Поток этих неприятных размышлений был прерван, когда спустя несколько минут Эммелайн сошла вниз, одетая по-домашнему. При ее появлении горничные с облегчением вздохнули. Грейсон без всяких околичностей спросил у матери, не была ли она только что в гавани. Она рассмеялась — пожалуй, слишком громко — и уверила его в том, что он не мог ее видеть, поскольку она весь день пробыла дома.

Правда ли это? С чего бы она стала лгать? А если его мать не пробыла весь день дома, тогда почему она, женщина безупречного поведения, встретилась с мужчиной, не являющимся ее мужем, в той части города, которую приличные леди обходят стороной?

Грейсон громко захлопнул дверь «Белого лебедя» и, стуча каблуками, направился через холл к лестнице. Собака Софи вышла к нему, потягиваясь с таким видом, будто только что проснулась.

— Софи! — позвал он.

Он хотел увидеть ее, чтобы привести в порядок взбаламученные мысли. Он сейчас не думал о своих чувствах к Софи. Желание, сильное и бурное, не походило ни на что испытанное им доселе. Он не может без нее жить. Эта женщина сводит его с ума почти так же, как и его мать. Только совсем по другой причине.

— Софи! — позвал он нетерпеливо, и голос его эхом отдавался от мрамора и высоких потолков.

Но никто не отозвался. В доме, судя по всему, не было никого, кроме собаки. Грейсон тихонько выругался.

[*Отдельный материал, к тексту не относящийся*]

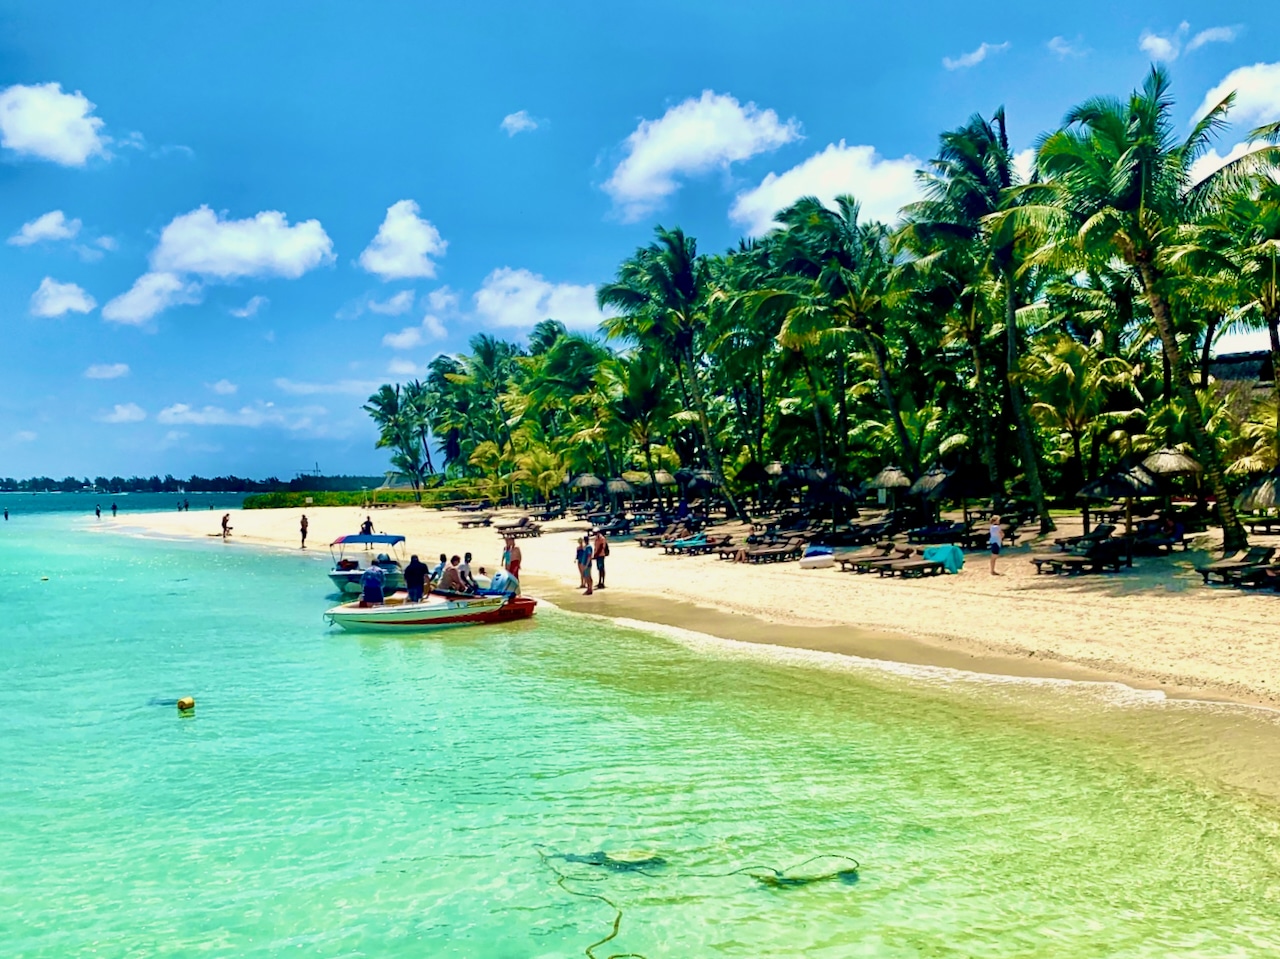 Raport z nurkowania na Mauritiusie Porady i porady Doświadczenia

Ему нужно было поработать, он приказал себе идти в контору, но был слишком взбудоражен, чтобы спокойно сидеть за столом. Он бродил из одной комнаты в другую, рядом плелась, прихрамывая, любимица Софи. Грейсон никого не нашел. И поговорить ему было не с кем.

Вечером ему предстояло посетить важный светский прием, а его шкаф в отеле был пуст, одежда, которая валялась на полу, была наконец унесена в чистку. Но в этом доме наверху у него было много одежды.

Он снова вернулся в холл, собака ковыляла следом. Грейсон остановился и посмотрел на нее. Собака посмотрела на него. Они представляли собой достойное зрелище. Он это понимал. Два одиноких существа, по иронии судьбы оказавшиеся вместе.

— Идем туда, — приказал он, направляясь в сторону кухни.

Собака склонила голову набок и покорно пошла за ним.

Грейсон поднимался по лестнице, когда его остановило тихое поскуливание. Оглянувшись, он увидел, что собака пытается подняться по ступенькам и скулит, потому что не может его догнать.

Грейсон раздраженно заворчал. Но когда собака остановилась, тяжело дыша, и посмотрела на него большими черными глазами, Грейсону ничего не оставалось, как сойти вниз, чтобы ей помочь.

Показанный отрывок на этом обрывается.